Work task: Restate the listing below word for word, omitting any images.
----- Source data
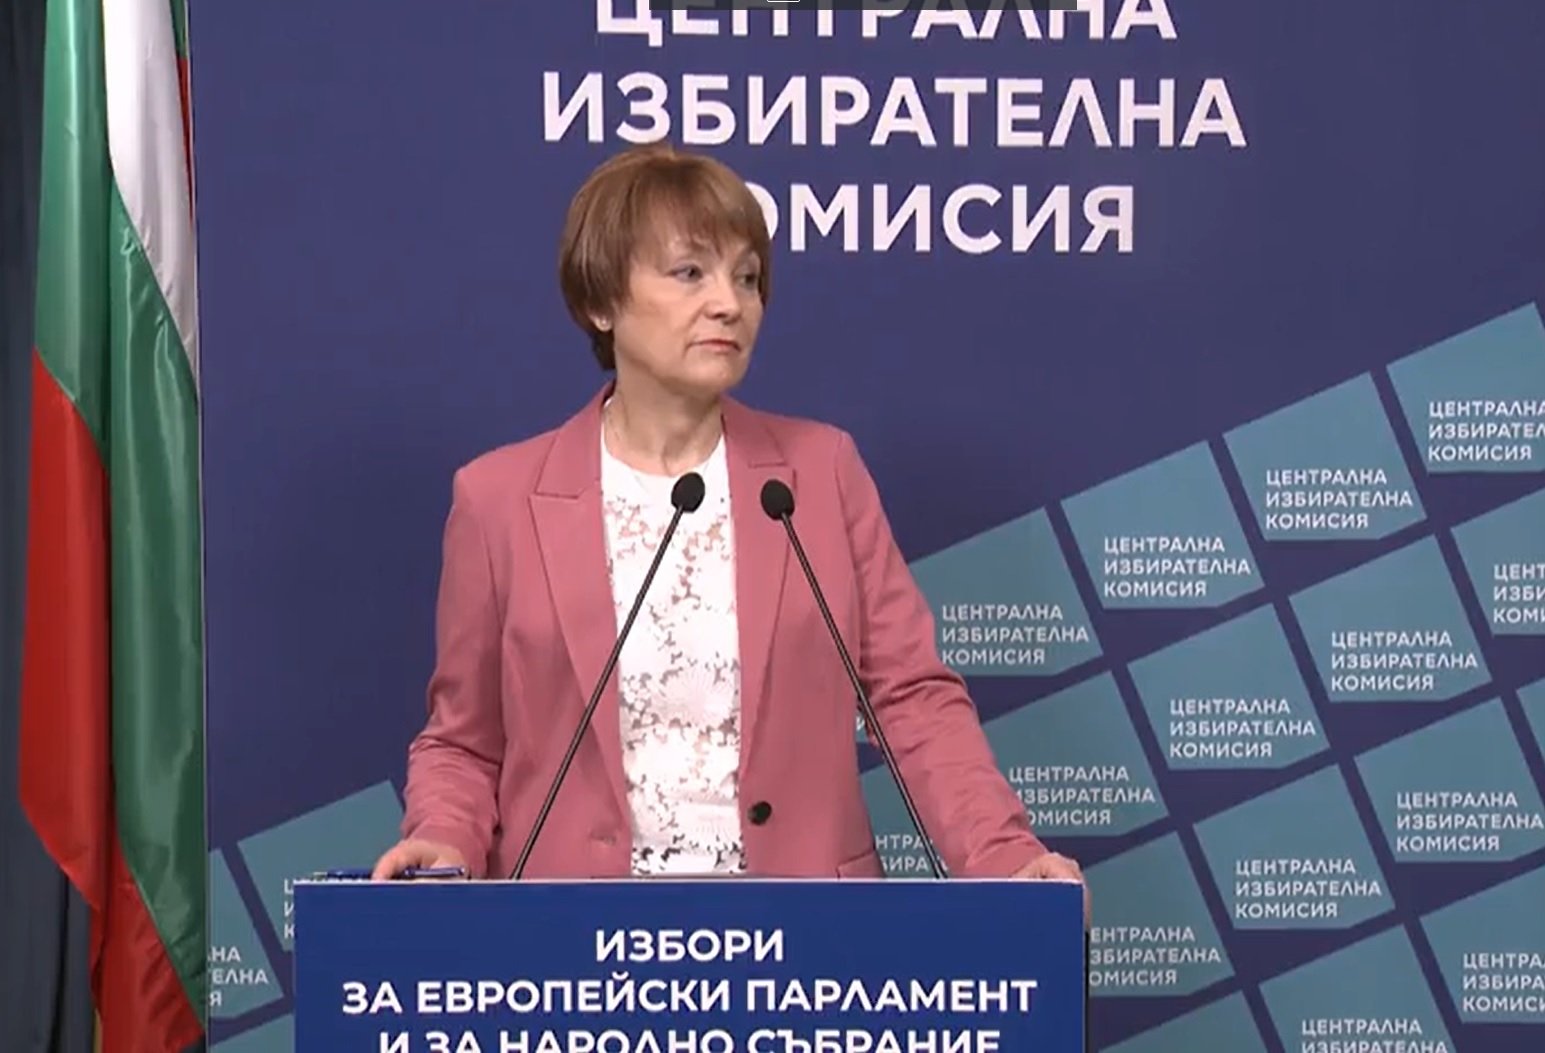 Росица Матева каза кога ЦИК ще обяви официалните резултати от изборите
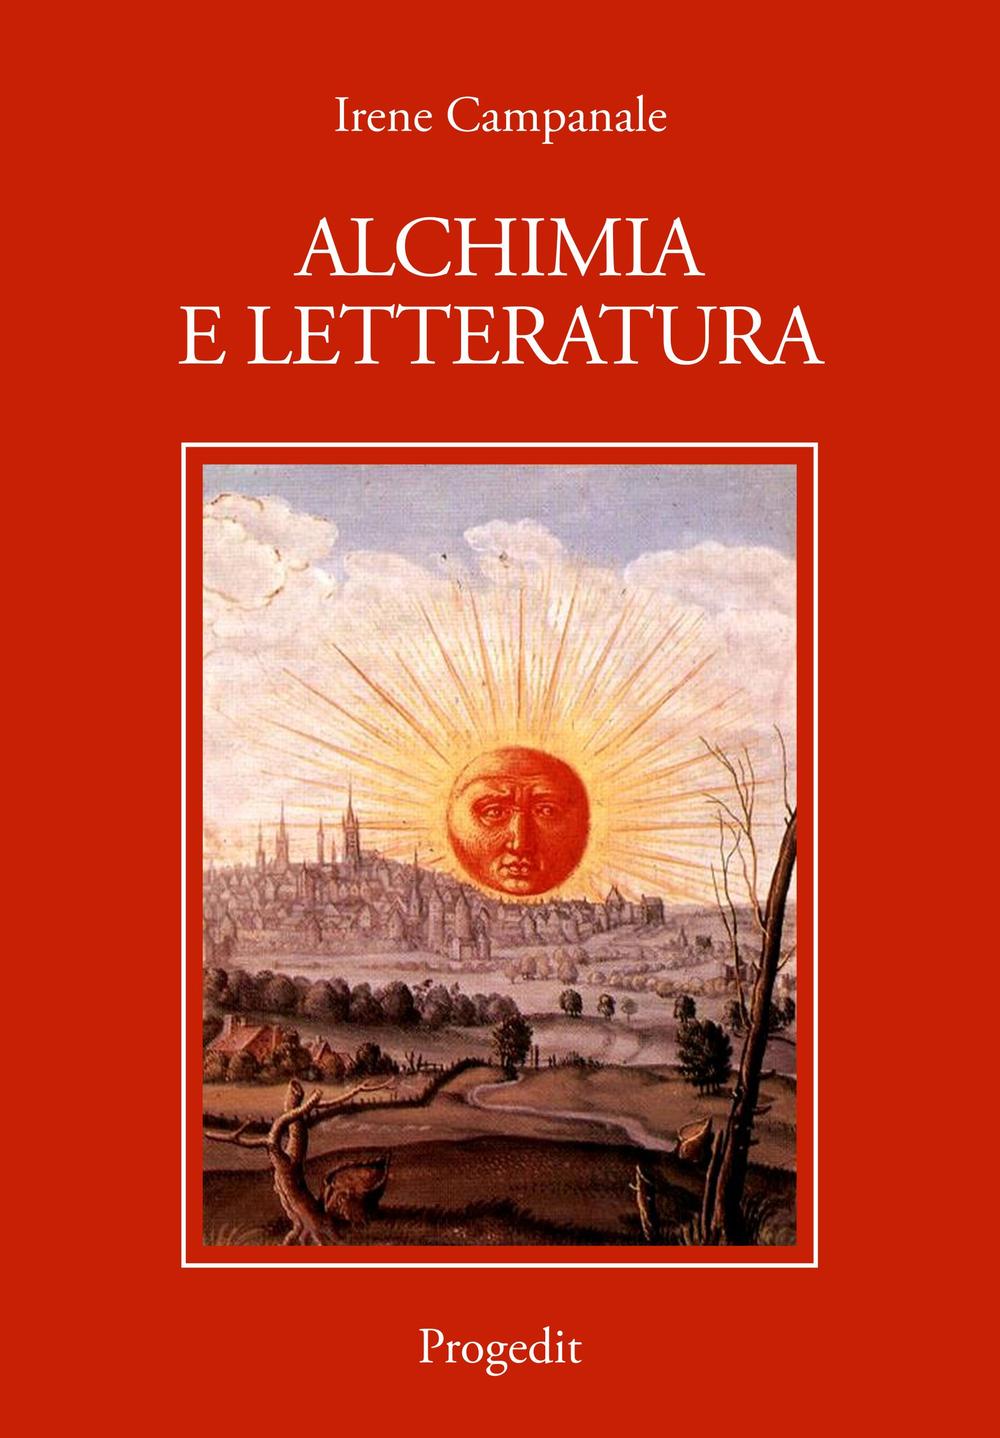 Libri Irene Campanale - Alchimia E Letteratura NUOVO SIGILLATO, EDIZIONE DEL 01/01/2016 SUBITO DISPONIBILE
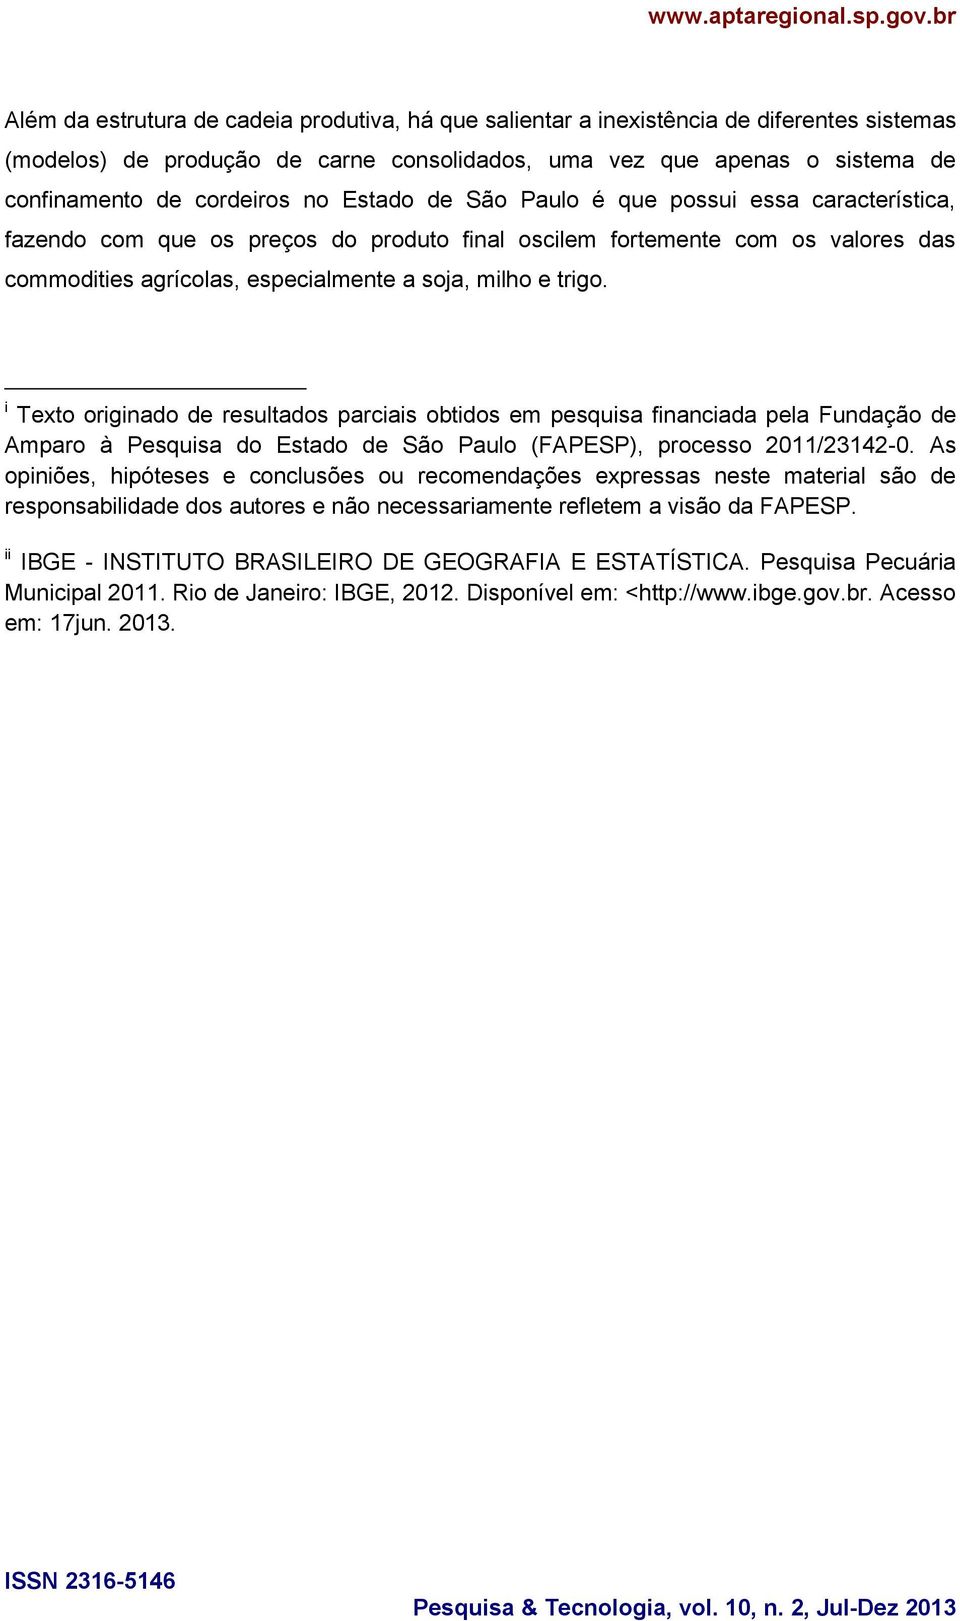 i Texto originado de resultados parciais obtidos em pesquisa financiada pela Fundação de Amparo à Pesquisa do Estado de São Paulo (FAPESP), processo 2011/23142-0.
----------
Output of the exercise:
 Росица Матева каза кога ЦИК ще обяви официалните резултати от изборите
 Libri Irene Campanale - Alchimia E Letteratura NUOVO SIGILLATO, EDIZIONE DEL 01/01/2016 SUBITO DISPONIBILE
 i Texto originado de resultados parciais obtidos em pesquisa financiada pela Fundação de Amparo à Pesquisa do Estado de São Paulo (FAPESP), processo 2011/23142-0.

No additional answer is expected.